パンナトッティは師匠の名前にも眉一つ動かさず、気怠そうに言葉を返した。
「ほうそうか、それでワシに何の用じゃ?」
「仕事ッスよ。不本意なお祭りでパンナちゃんもお疲れだと思いましてね、師匠から特権借りて来ちゃいました。ホントはもっと早く来たかったんスけどねぇ……なかなかイイ感じに借金してる子が現れなかったもんで」
師匠は弾むようなステップで玉座へ向かう。その足跡は氷柱となって絨毯に刻まれ、静謐な展望室に刃の花を咲かせていった。

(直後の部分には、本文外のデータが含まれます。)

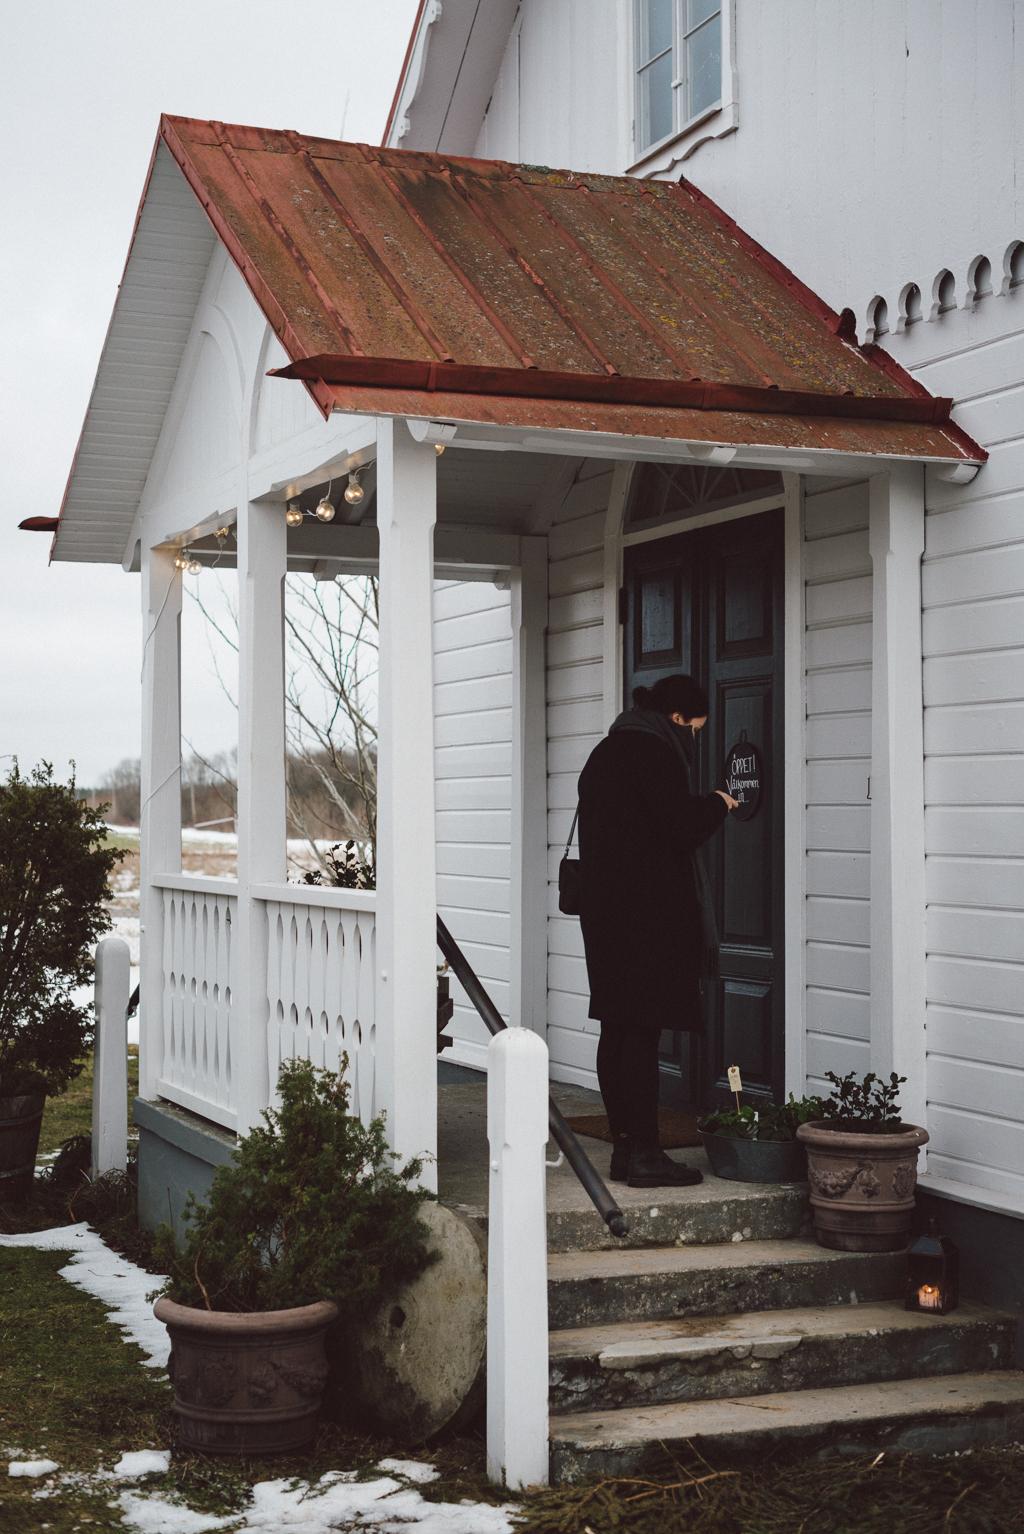 Babes_in_Boyland_Gotland_Foto_Matilda-Hildingsson_Stylist_Nathalie-Myrberg-28

「あぁ、どうして今回の祭りにアクショーノヴァの連中が呼ばれたのか不思議じゃったが……納得した、お前らの仕込みかい」
「ありゃりゃ、分かっちゃいました?」
「で、お前さん仕事なのか遊びなのか、どっちじゃ?」
「仕事で遊びに来たんスよ。つまりはまぁ、ゴキゲン取りの接待ッス。このままお祭りが終わったら、パンナちゃんヘソ曲げちゃうじゃないッスか? 最後には大暴れさせてあげようって、こっそり魔女会議で決まりまして」
「大暴れ? はぁん? ワシが大暴れしたらこの国が滅ぶぞ」
「はぁん? 何言ってんスか? 旧世代のウンコクズのクセに」
ぱぁん、と、音が弾けた。師匠のマントが揺れた程度で、なにが起こったか分からない。けれど、何かが起こった余波なのか、後頭部で団子に丸めた師匠の……正確にはハーニャさんの髪が解けて、ふわりと背中へ靡く。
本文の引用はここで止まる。